How do we have confidence that something is true? That is a critical question in all things, including the domain world.
Last week in the NamePros Blog, I shared my experience with a new AI-powered appraisal tool at OceanfrontDomains.com. That tool does an incredible job of analyzing the structure of a name, brainstorming potential uses, and presenting the case for the value of the domain name. However, it has become increasingly clear that many of the comparator sales did not exist. I’ve made an update to that article to better reflect the frequency of errors. There is still much to like in the tool, but the level of comparator sales hallucinations in the current release is unsettling.
This article uses 'lie' in the sense that a lie is simply "something that is not true" with no implication that there was an intent to deceive, the so-called non-deceptionist viewpoint.
AI Can Lie Convincingly
One problem is that AI can lie really convincingly.

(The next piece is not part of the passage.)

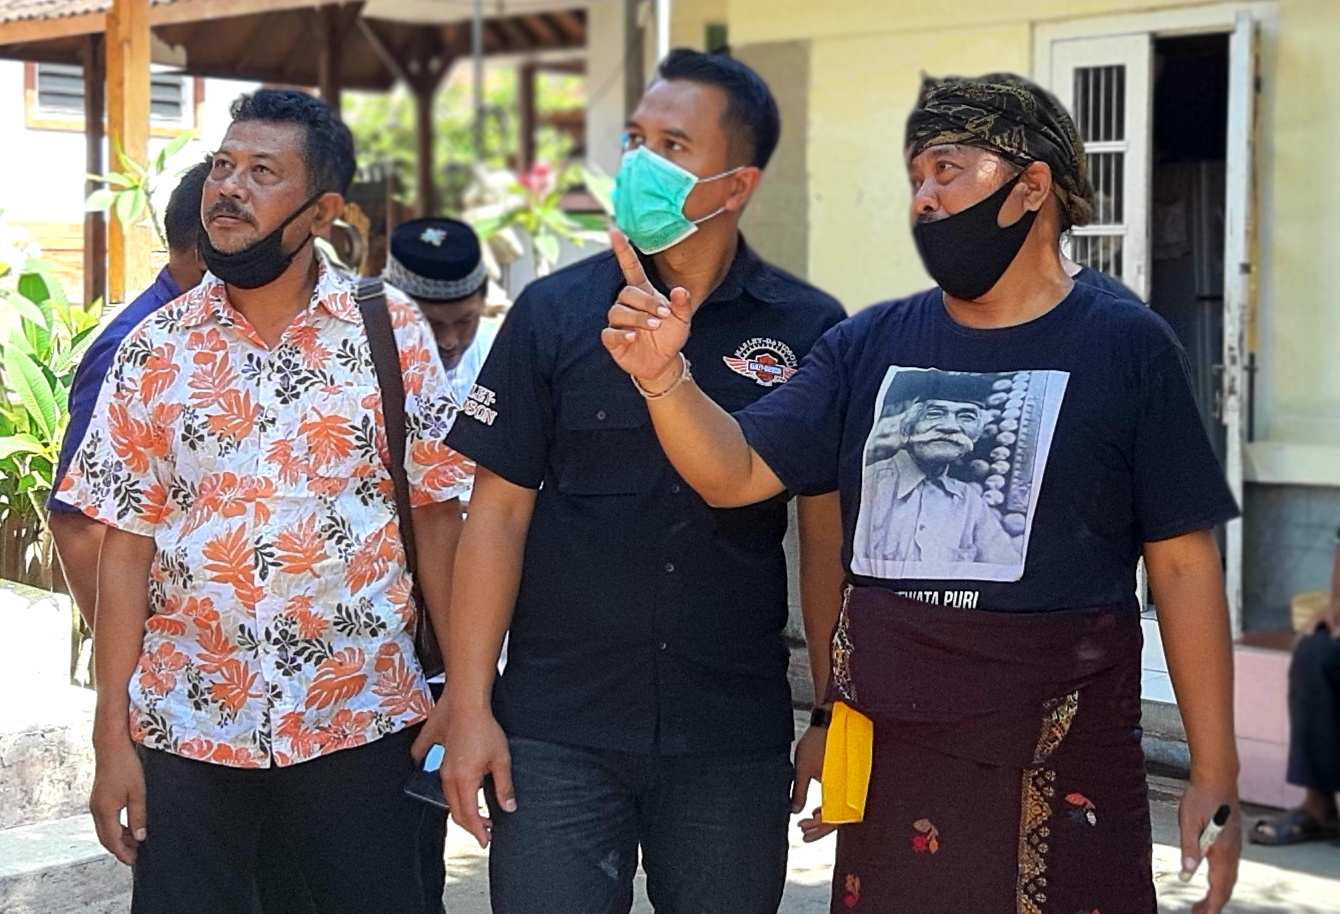 Foto: Kompol Endang Tri Purwanto (tengah) bersama Tokoh Puri Gerenceng AA. Ngurah Agung (kanan).
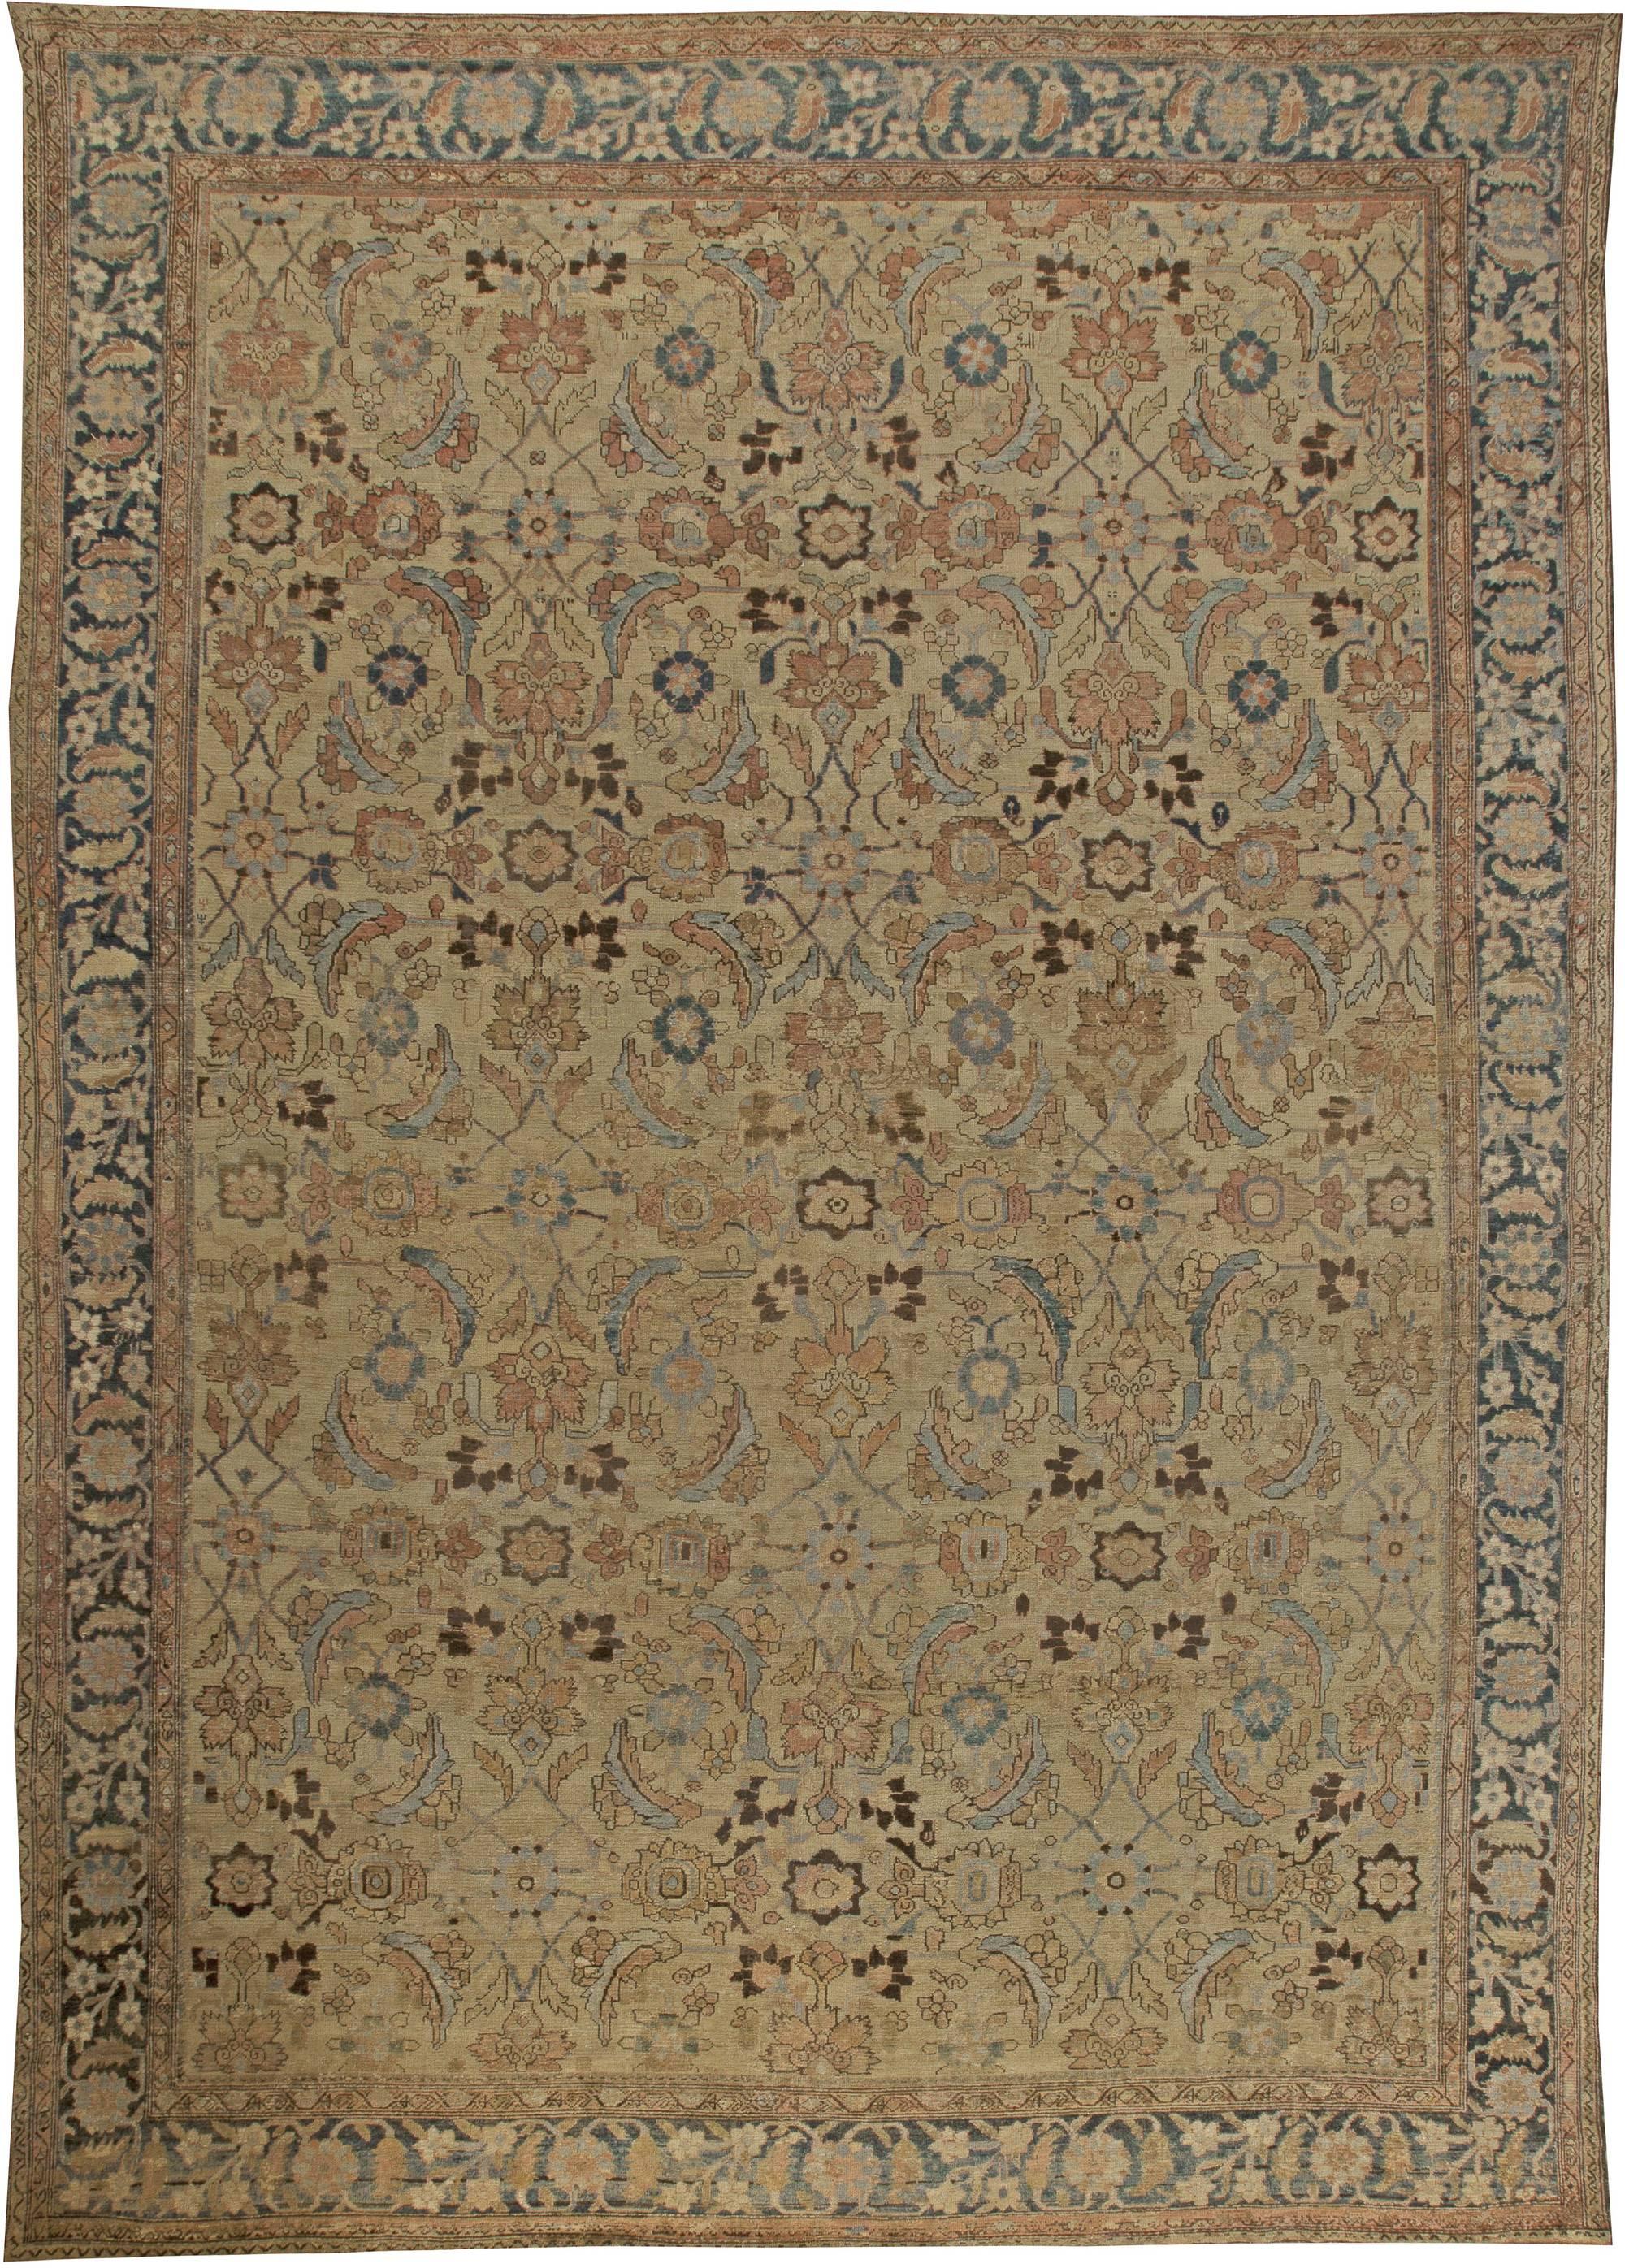 Antique Persian Malayer Rug Bb5996 By Doris Leslie Blau

With OceanfrontDomains, you can add to the name in the prompt conditions. If you tell it to not include comparator sales, it won’t. So I tried this prompt
At first glance, it did follow my directive. The comparator sales were all in the same extension, of similar length, and, most importantly, all gave a NameBio price and date.
Just to be sure, I went to NameBio to check the data. The first comparator sale suggested was love in the .cc extension selling for $13,500 in 2017. But there is no record of that sale on NameBio! Second on list, it told me hero sold for $5000, also in 2017. When I check on NameBio, there is no record of that name ever selling in the .cc extension. Next it suggested that star sold for $6000 in 2018, but it didn’t, at least no NameBio listing. The next comparator was eco, I don’t think a terribly apt comparator for my original query word duet, but it doesn’t matter, since there is no sale listing on NameBio. The last comparator name, bet does have a sale listed in NameBio! But, OceanfrontDomains tells me it sold for $6000 with a 2018 NameBio listing, whereas it really has a NameBio listed sale at $2500 in 2011. So four of the comparator sales were not listed at all, and the fifth gave data inconsistent with NameBio. I found similar results for a few other names that I checked.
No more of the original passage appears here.